Les pétards aussi courants que l'alcool chez les ados
Mais la progression du cannabis a cessé d'augmenter, révèle une étude.
Par Matthieu ECOIFFIER
mercredi 14 avril 2004 (Liberation - 06:00)
ujourd'hui les adolescents fument autant de cannabis qu'ils boivent d'alcool. Et les garçons trois fois plus que les filles. Globalement, les consommations régulières de ces deux produits se stabilisent à un niveau relativement élevé.

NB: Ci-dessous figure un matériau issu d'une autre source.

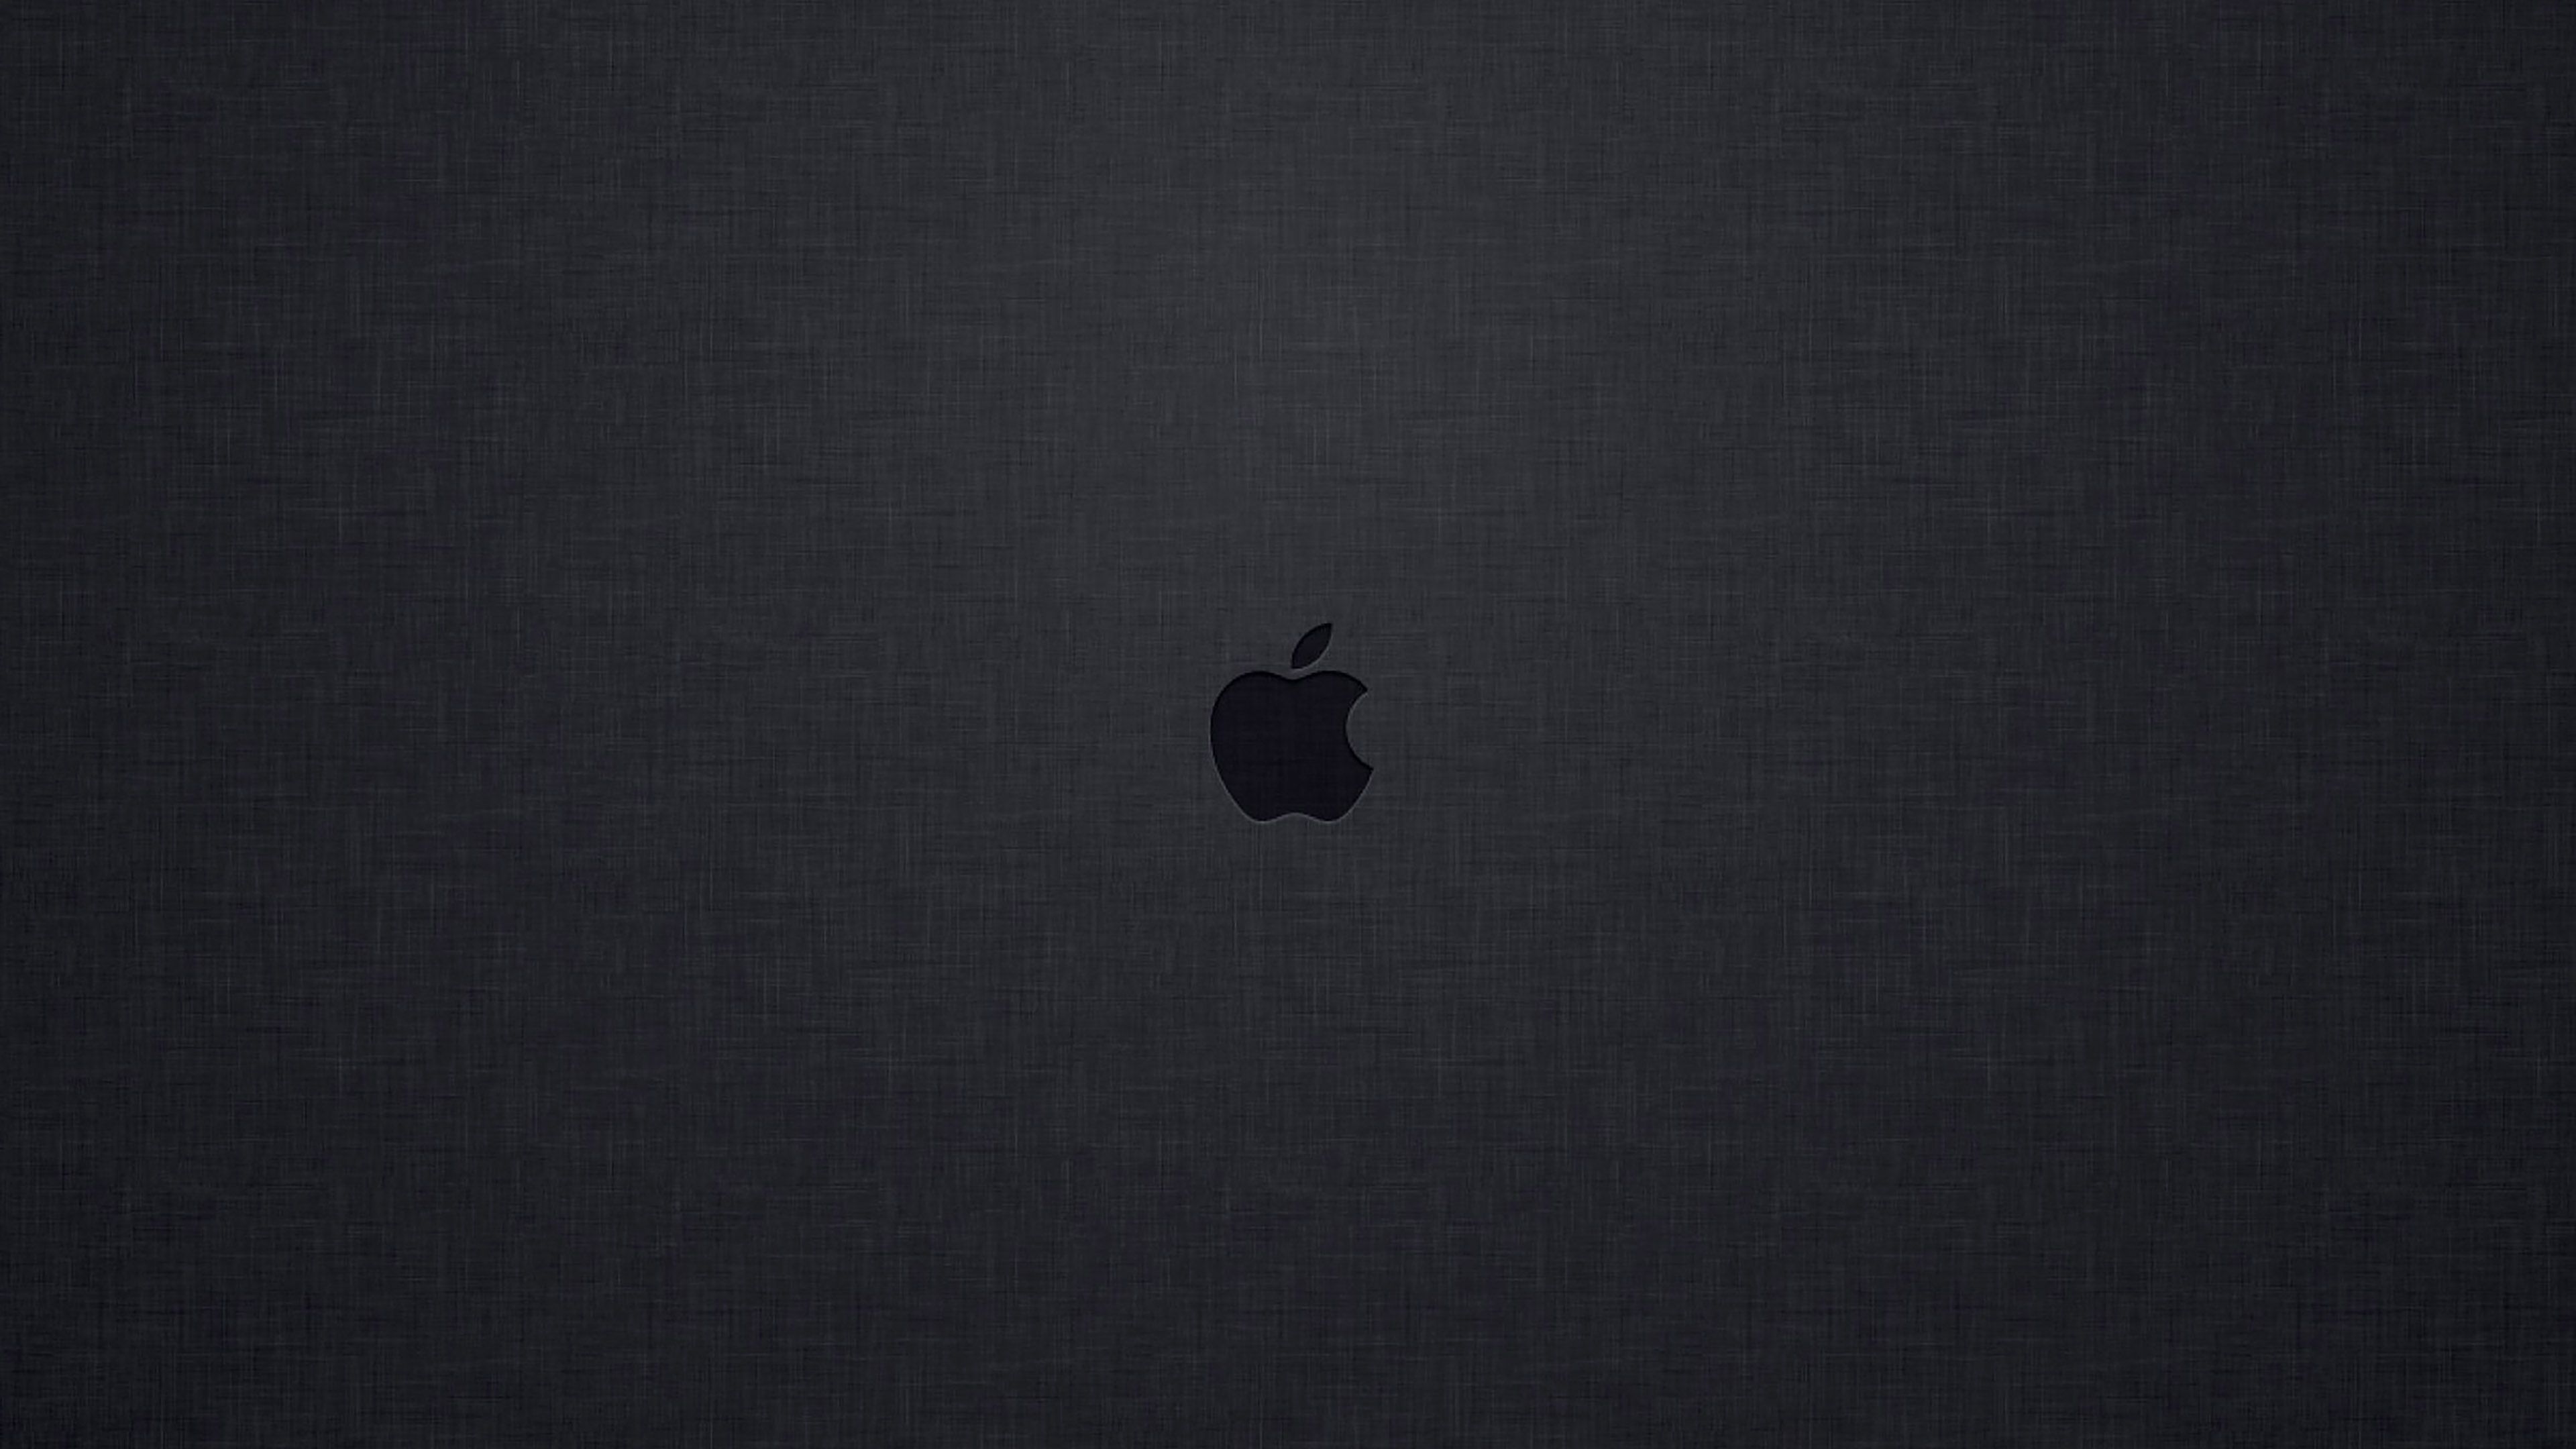 Space black Apple Watch over black iPhone X photo  Free Grey Image on  Unsplash

Publié aujourd'hui, le volet français de l'enquête Espad (European Survey on Alcohol and Other Drugs) réalisée tous les quatre ans, sonde les consommations adolescentes, objet de nombreux fantasmes des adultes. 16 000 collégiens et lycéens de 12 à 18 ans ont répondu en 2003 à un questionnaire détaillé et anonyme. Résultat : un tableau subtil et contrasté. Pour la première fois, cette livraison d'Espad peut être comparée avec les résultats obtenus en 1999 et en 1993 dans une première étude de l'Inserm. D'où une mise en perspective sur dix ans, totalement inédite.

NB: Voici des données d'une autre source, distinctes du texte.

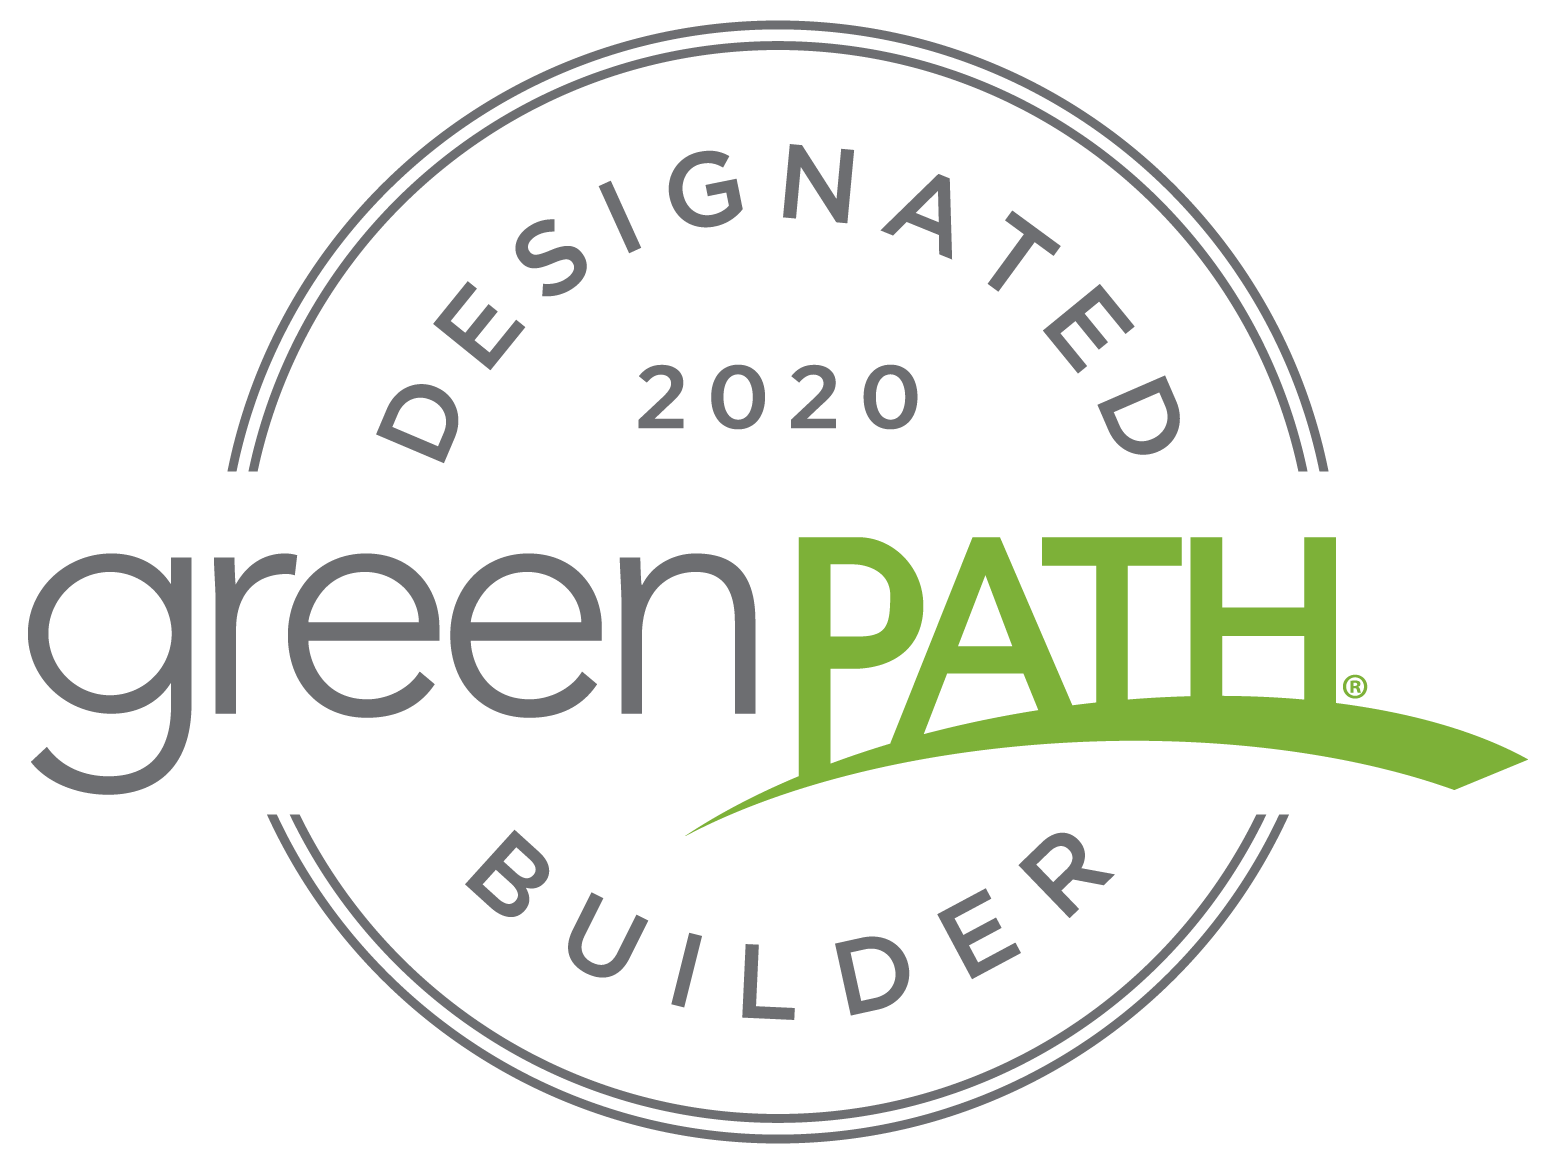 Green Path Builder

Ainsi, la consommation de cannabis subit un «ralentissement notable de sa progression», explique François Beck, qui a piloté ce travail à l'Observatoire français des drogues et des toxicomanies (Ofdt). «De 1993 à 1999, le rythme de hausse de l'expérimentation du cannabis était de 3,5 points par an contre 1,5 point entre 1999 et 2003.» Ainsi, la politique des drogues menée par la gauche de 1999 à 2002 n'a pas fait exploser la consommation de cannabis en le banalisant, contrairement aux accusations de nombreux responsables de droite.
L'usage répété de la fumette reste exceptionnel avant 15 ans et se stabilise chez les plus âgés, après une forte hausse : en 1993, 7,2 % des garçons et 3,6 % des filles de 16-17 ans fumaient du cannabis «au moins dix fois au cours de l'année». Dix ans après, ils sont respectivement 21,4 % et 10,8 %. «Ce niveau élevé donne à la France le record d'Europe» commente Didier Jayle, le président de la Mission interministérielle de lutte contre la drogue et la toxicomanie (Mildt), dont le plan anticannabis dévoilé par Libération (journal du 8 mars 2004) attend une «validation» de Matignon depuis des mois.
Pour les usages réguliers, le cannabis rejoint l'alcool (voir graphique). L'évolution des consommations semble imperméable aux messages des politiques. Et au statut légal des drogues. «Les jeunes sont plus sensibles à d'autres critères, comme l'image du produit au sein du groupe de pairs, la perception de ses dangers», note François Beck.
Ainsi, l'expérimentation (au moins une fois) des «autres drogues illicites que le cannabis» (cocaïne, ecstasy) reste en dessous de 5 %. «Pour le tabac, l'augmentation du prix mais aussi la dévalorisation de son image ont dû jouer chez les très jeunes», analyse Marie Choquet, coauteure de cette étude, à l'Inserm. Chez les 12-13 ans et les 14-15 ans «on observe un recul des consommations quotidiennes».